# wechselfestplatte



## TraphiX (30. Oktober 2005)

Einen schönen Sonntag, erst einmal

wie immer habe ich ein problem mit meiner Hardware:

Ich hab da ein ding, da kann man seine Festplatte reinstecken. Do ne 
Art wechselfestplattenträger 

von der Firma DATABRIDGE
bild 

Ich brauche da Treiber für win98

find sie aber nirgends

schonmal vielen Dank

TraphiX


----------



## Dr Dau (31. Oktober 2005)

Hallo!

Für die Dinger (nennt sich Festplatten Wechselrahmen) werden keine Treiber benötigt..... es gibt dafür nicht mal Treiber.
Festplatte als Master bzw. Slave jumpern, in den Wechselrahmen einsetzen, diesen dann in den PC einbauen und das IDE Kabel anschliessen.
Dann nur noch die Festplatte vom Bios erkennen lassen und schon wird sie wie jede andere Festplatte auch behandelt.

Oder ist der Wechselrahmen für SCSI Festplatten?
Dann brauchst Du ein Treiber für die SCSI Karte wo der Wechselrahmen angeschlossen wird.

Gruss Dr Dau


----------



## TraphiX (31. Oktober 2005)

ohne den Rahmen klappts, mit jedoch nicht...
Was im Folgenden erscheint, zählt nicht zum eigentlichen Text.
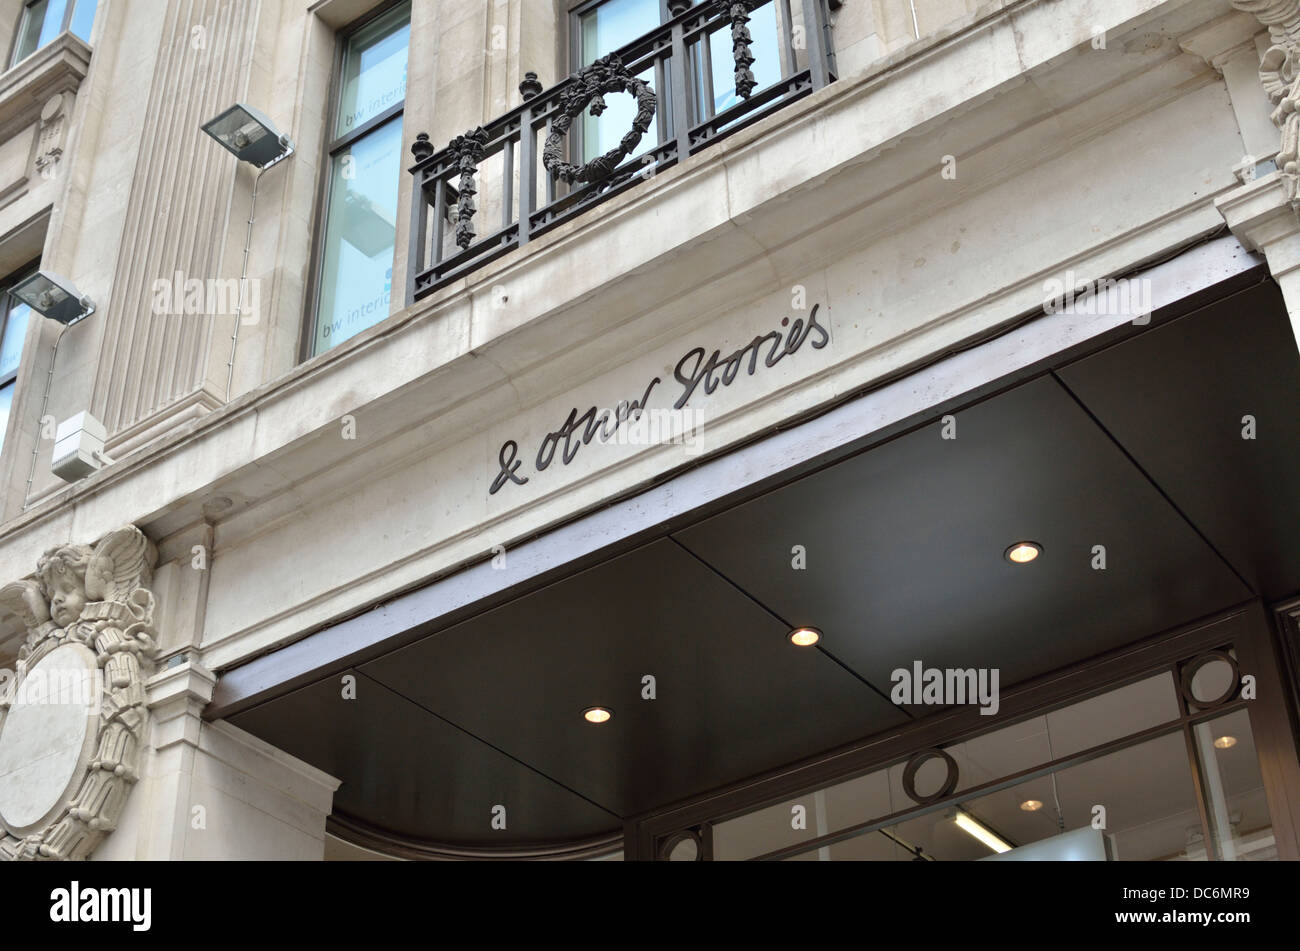 & Other Stories fashion store in Regent Street, London, UK. Stock Photo

er erkennt sie dann nicht einmal im bios


----------



## Djingeringe (31. Oktober 2005)

Ich hatte auch mal genau den gleichen Wechselrahmen. Dafür braucht man keine Treiber.



> ohne den Rahmen klappts, mit jedoch nicht...
> 
> er erkennt sie dann nicht einmal im bios


 
Dann ist vermutlich der Wechselrahmen kaputt, bzw. die Anschlüsse.


Gruß


----------



## Dr Dau (31. Oktober 2005)

Vermute ich auch.
Da ist ja Elektronik.
Hol dir ein neuen..... gib aber lieber die paar Euro mehr aus und nimm gleich einen aus ALU, die leiten die Wärme besser ab.


----------



## TraphiX (31. Oktober 2005)

ohh, okay.. 

schade eigentlich.. 

nunja.. 

ja..

*hüstel*

tschöö


----------